Scott Makeig is Research Scientist & Director of the Swartz Center at the Computational Neuroscience Institute for Neural Computation, University of California in San Diego, USA.

Scott Makeig was born in Boston, MA, USA in 1946 and completed an honors Bachelors degree, ‘Self in Experience,’ at the University of California Berkeley in 1972. He received a Ph.D., ‘Music Psychobiology,’ from the University of California San Diego (UCSD) in 1985. After spending a year in Ahmednagar, India as an American India Foundation research fellow, he became a psychobiologist at UCSD, and then a research psychologist at the Naval Health Research Center San Diego. In 1999, he became a staff scientist at the Salk Institute, La Jolla, then moved to UCSD as a research scientist in 2002 to develop the Swartz Center for Computational Neuroscience, which he now directs.

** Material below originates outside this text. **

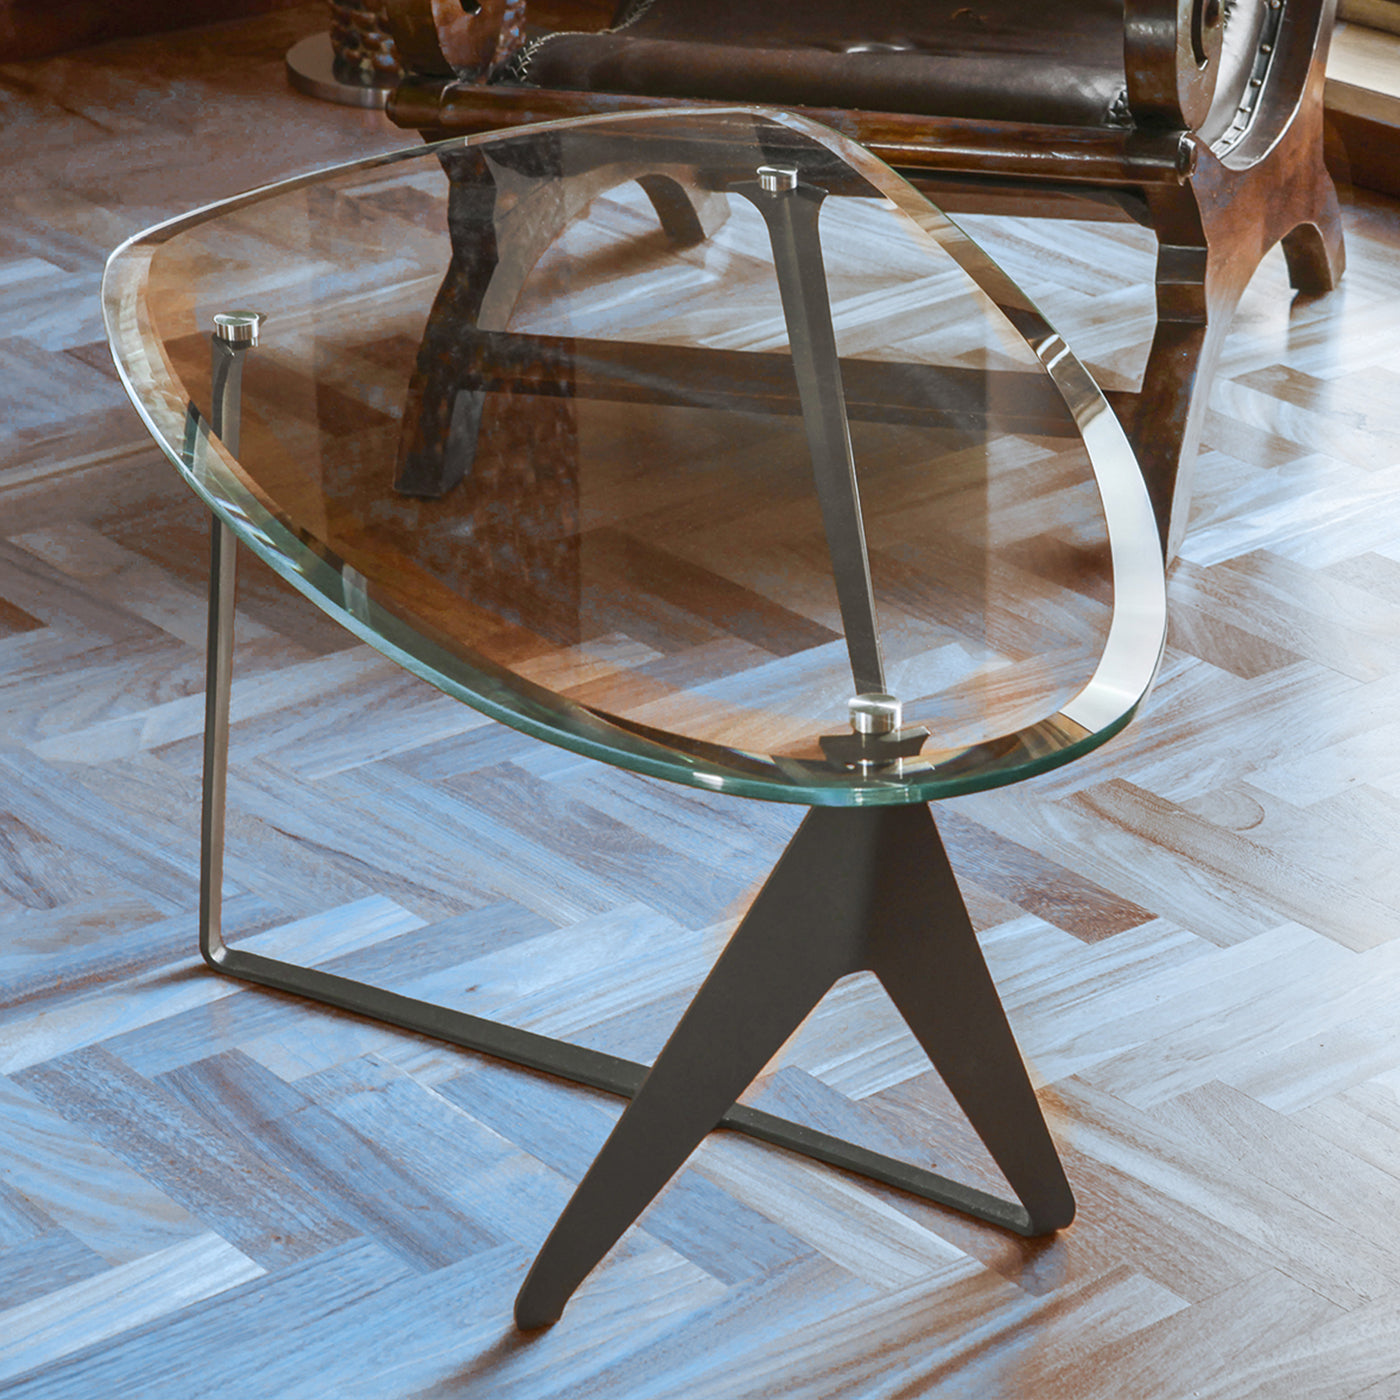 Ted Crystal Coffee Table - Alternative view 1

Recently, university teams he organized won large US Navy and Army research project grants to develop basic research principles for cognitive monitoring from mobile brain/body imaging (MoBI) data, an imaging modality he recently defined and is now working to develop.

Scott Makeig will present the following keynote lecture on Friday 27 August (9.00 - 10.00 am):

Measuring what the brain does, what it experiences, and what it controls: Mobile Brain/Body Imaging

Speaker

Scott Makeig
Director, Swartz Center for Computational Neuroscience
Institute for Neural Computation
University of California San Diego

Abstract

Cortical brain areas and dynamics evolved to organize motor behavior in our three-dimensional environment also support more general human cognitive processes. Yet traditional brain imaging paradigms typically allow and record only minimal participant behavior, then reduce the recorded data to single map features of averaged responses and compare the severely reduced behavioral and brain data measures. To more fully investigate the complex links between distributed brain dynamics and motivated natural behavior, we have proposed and are now pursuing development of wearable mobile brain/body imaging (MoBI) systems to continuously capture the wearer’s high-density electrical brain and muscle signals, three-dimensional body movements, audiovisual scene and point of regard, plus new data-driven analysis methods to model their interrelationships to each other and to cognitive context. The new imaging modality can give new insights into how spatially distributed brain dynamics support natural human cognition and agency.